Reverse Sequence - The reverse compliment of a sequence read that extended from right-to-left along a target part. The sequencing program converts all raw sequences to either forward or reverse sequences based on the primer used.
New Sequences
When a new sequence is entered or new quality information is entered for a sequence, the software searches for the BioBrick™ prefix and suffix using this algorithm:
The called sequence is searched for the BioBrick Prefix and Suffix using Find_Best_Match. The match must have a score of 15 points or more out of the possible 21 points. The result of this search will be used to display the Prefix and Suffix boxes under the displayed sequence.
Sequence Graphic
Each sequence is displayed as a green sequence graphic.
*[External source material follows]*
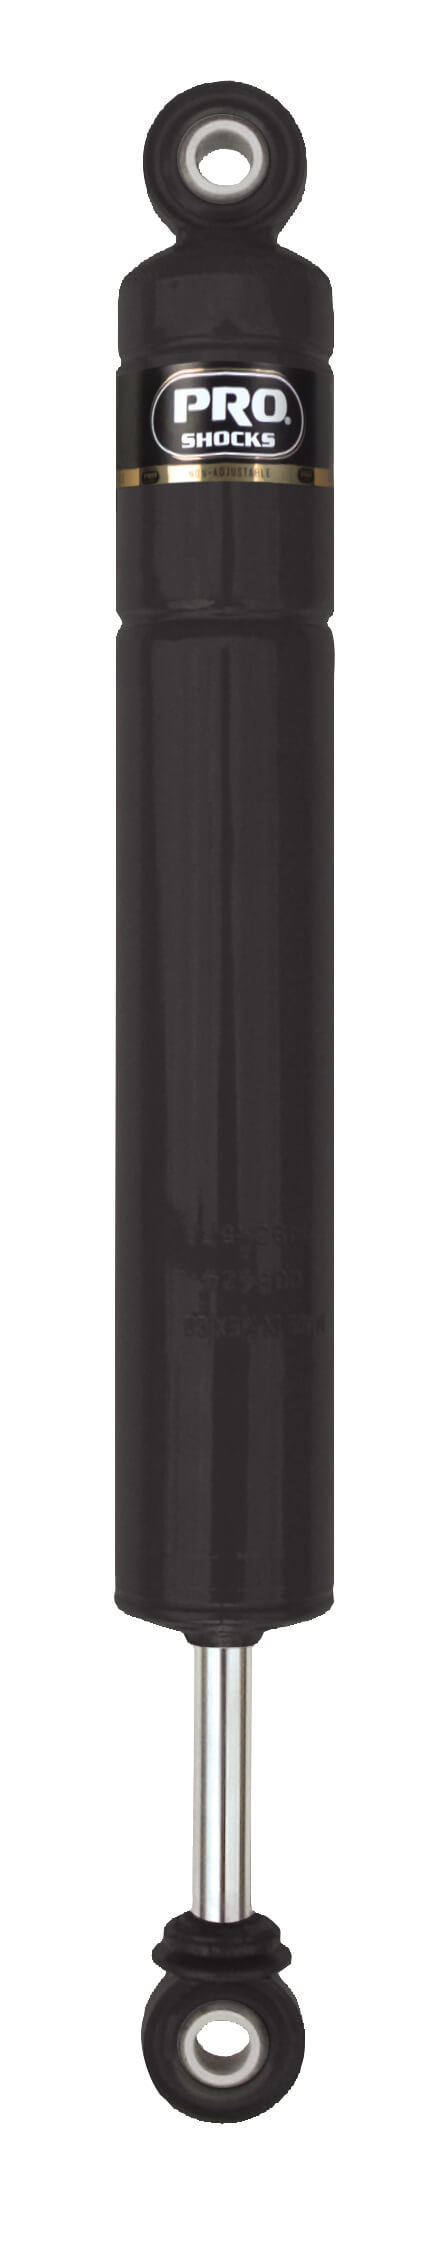 Pro Shock WB96BK Shock, WB Series, Twintube, 14.50 in Compressed / 23.25 in Extended, 2.00 in OD, C6-R6 Valve, Steel, Black Paint, Each

These bars indicate the relative location of the sequence in alignments, the location of the prefix and suffix (if any) and the given quality of the sequence reading.
Best Matching Sequences
This algorthm uses a utility function to align two sequences and report the alignment which matches best.
Find_Best_Match(A, B) shifts sequence A relative to sequence B one base at a time. At each position, it compares the overlapping sequence to see if the bases match. If the two bases match the score for that position is increased by one point if the bases do not match, then the score id decreased by two points. Notes: This does not work well if there is a deleted or inserted base in either sequence.